_EXERCISE BRIEF:_ Without the pictures, set down every line of the data exactly.

_EXERCISE DATA:_
+++++

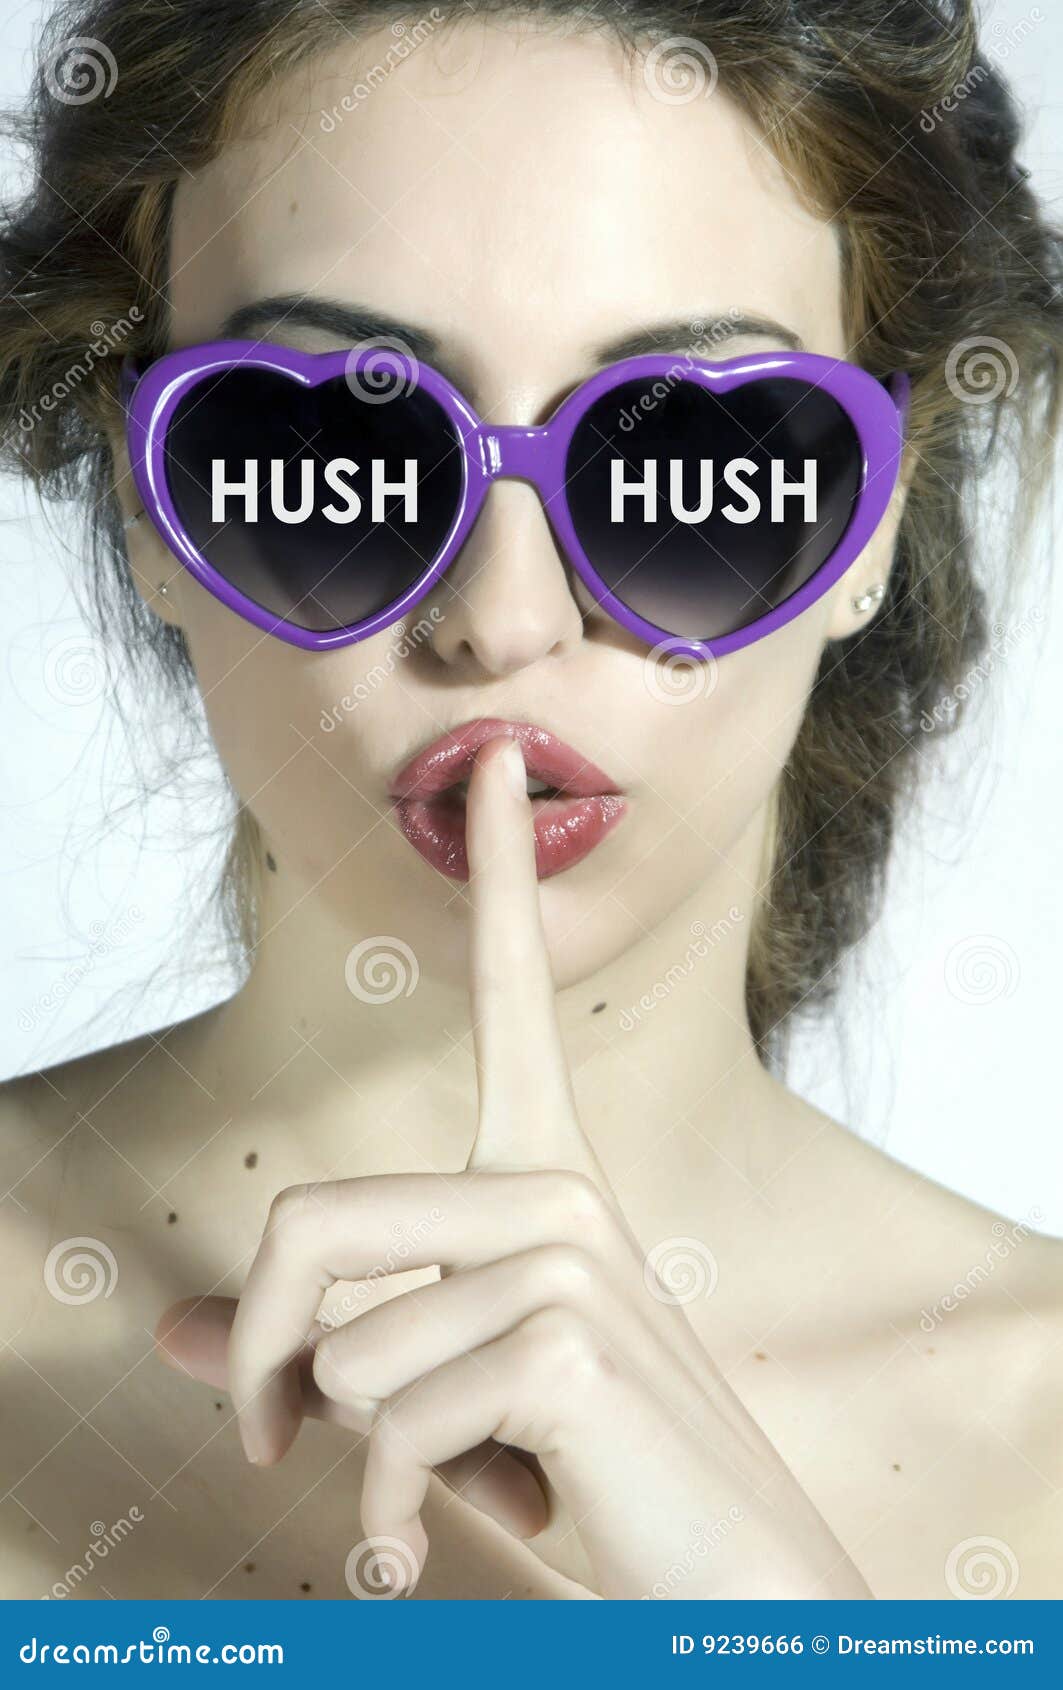 hush-hush-9239666.jpg
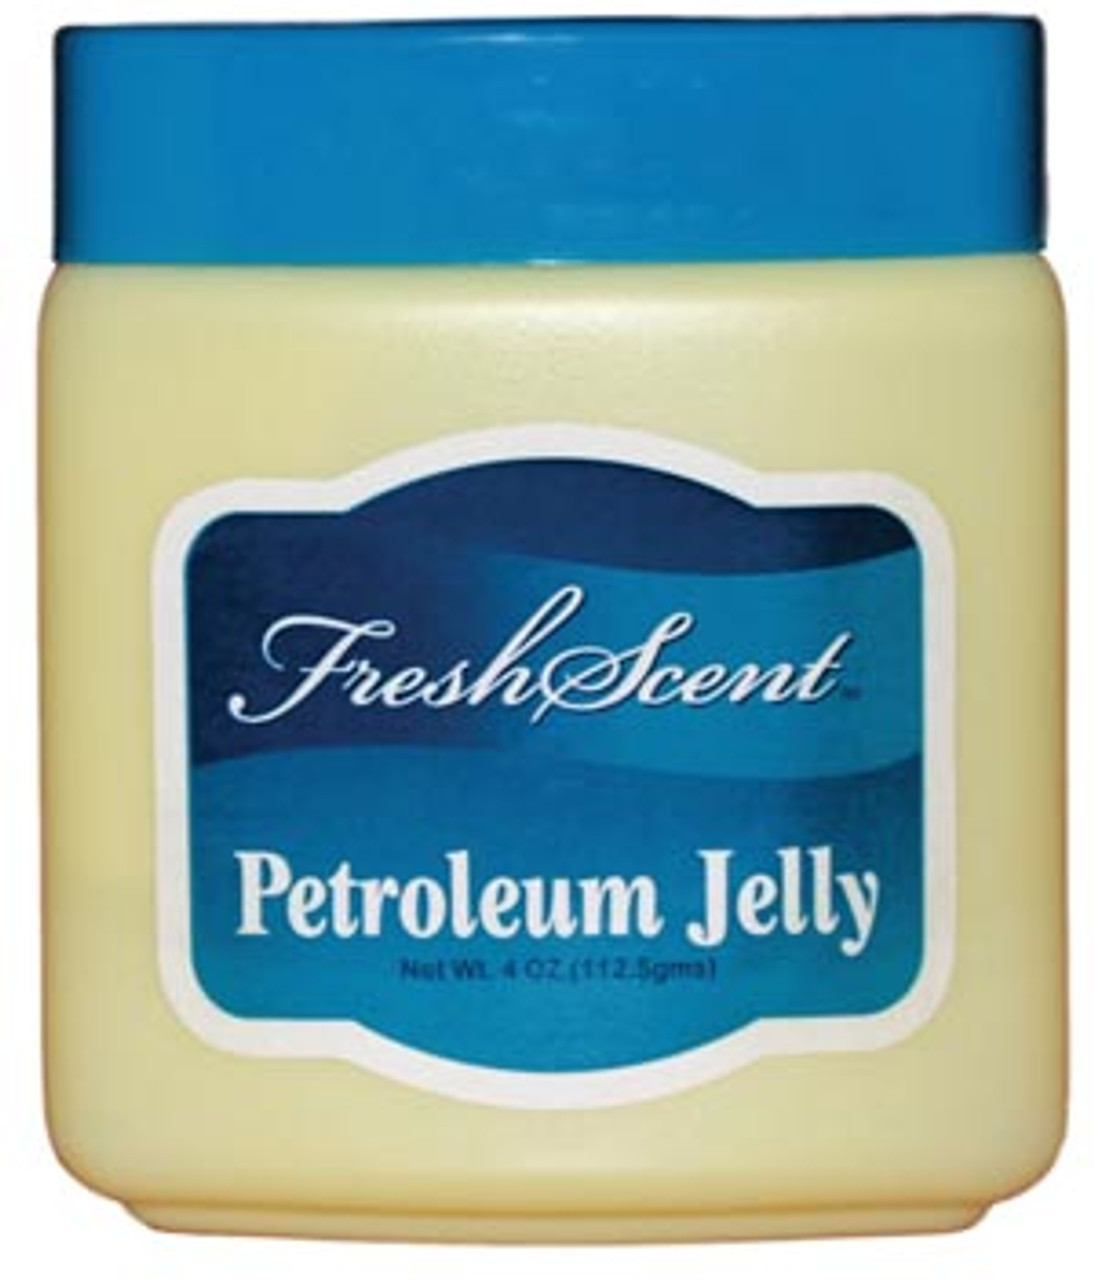 NWI Petroleum Jelly , 4 oz Jar, 12/bx, 6 bx/cs
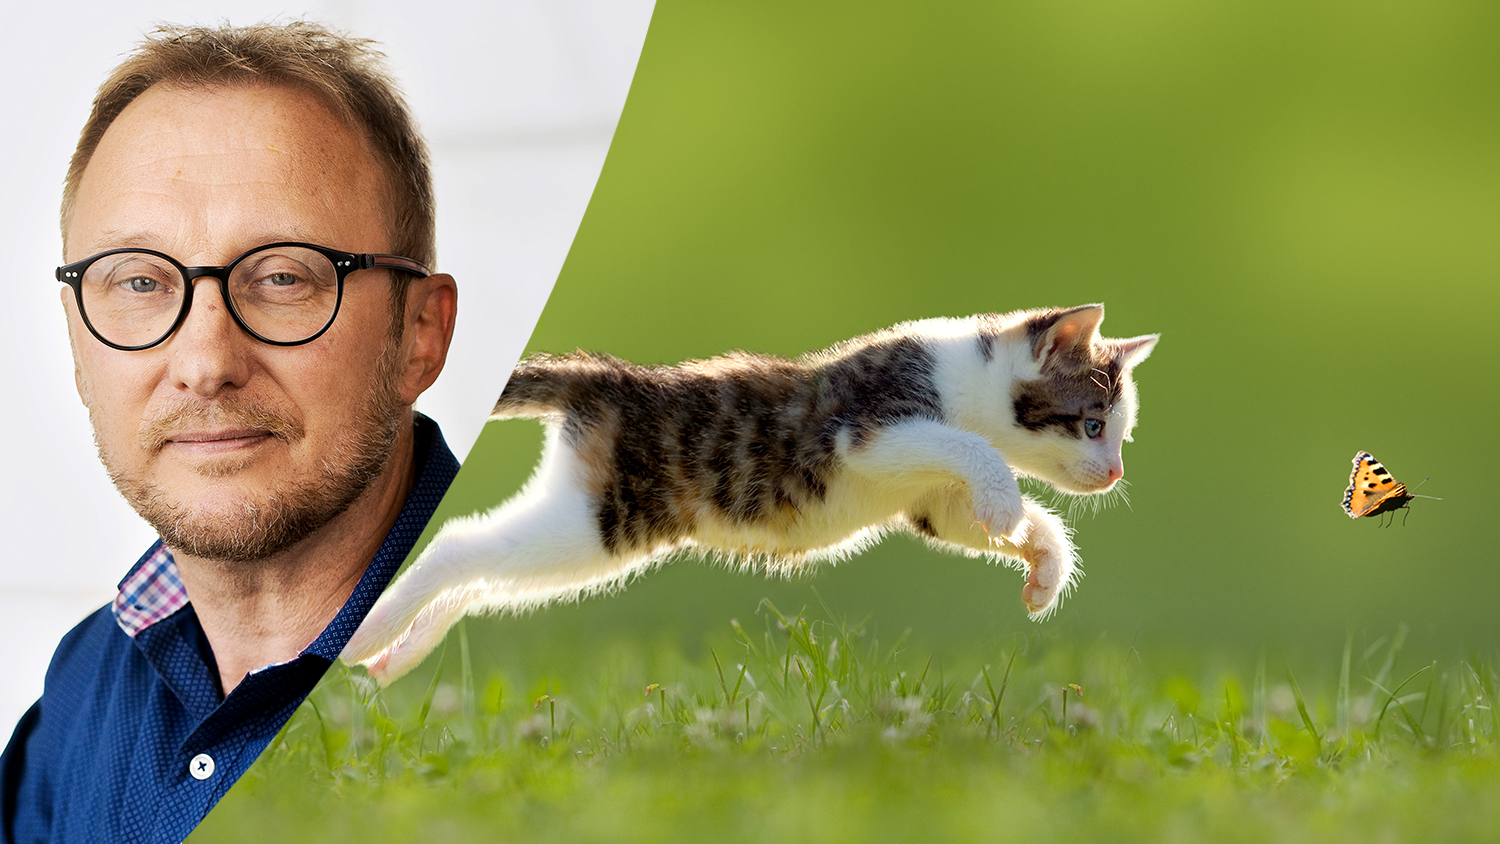 Montage av porträttbild på Bengt Johansson och bild på katt som jagar fjäril.
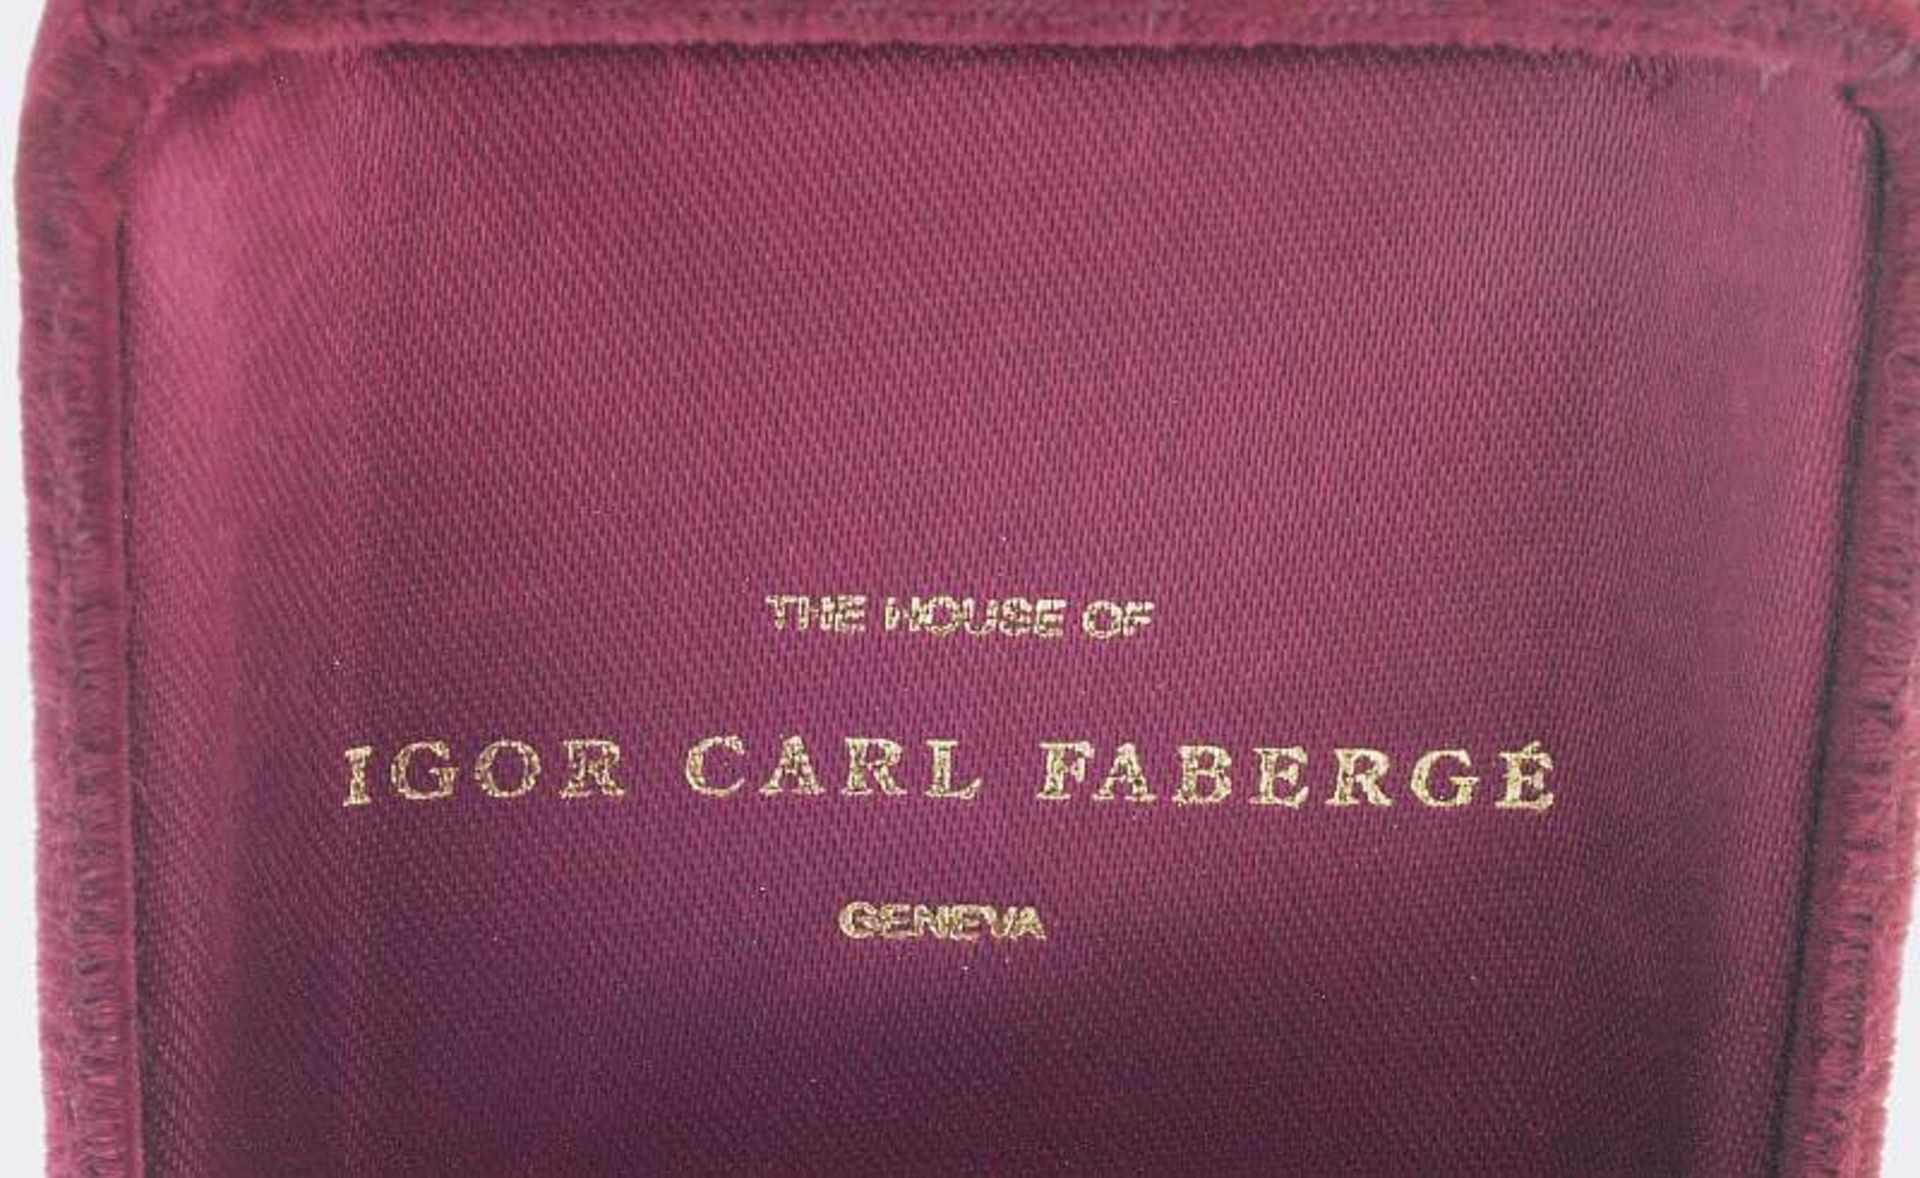 Das Mitternachts-Saphirkreuz, vom Hause Igor Carl Fabergé. Das Mitternachts-Saphirkreuz, vom Hause - Bild 5 aus 6

+++++

_OUTPUT OF THE TASK:_
 hush-hush-9239666.jpg
 NWI Petroleum Jelly , 4 oz Jar, 12/bx, 6 bx/cs
 Montage av porträttbild på Bengt Johansson och bild på katt som jagar fjäril.
 Das Mitternachts-Saphirkreuz, vom Hause Igor Carl Fabergé. Das Mitternachts-Saphirkreuz, vom Hause - Bild 5 aus 6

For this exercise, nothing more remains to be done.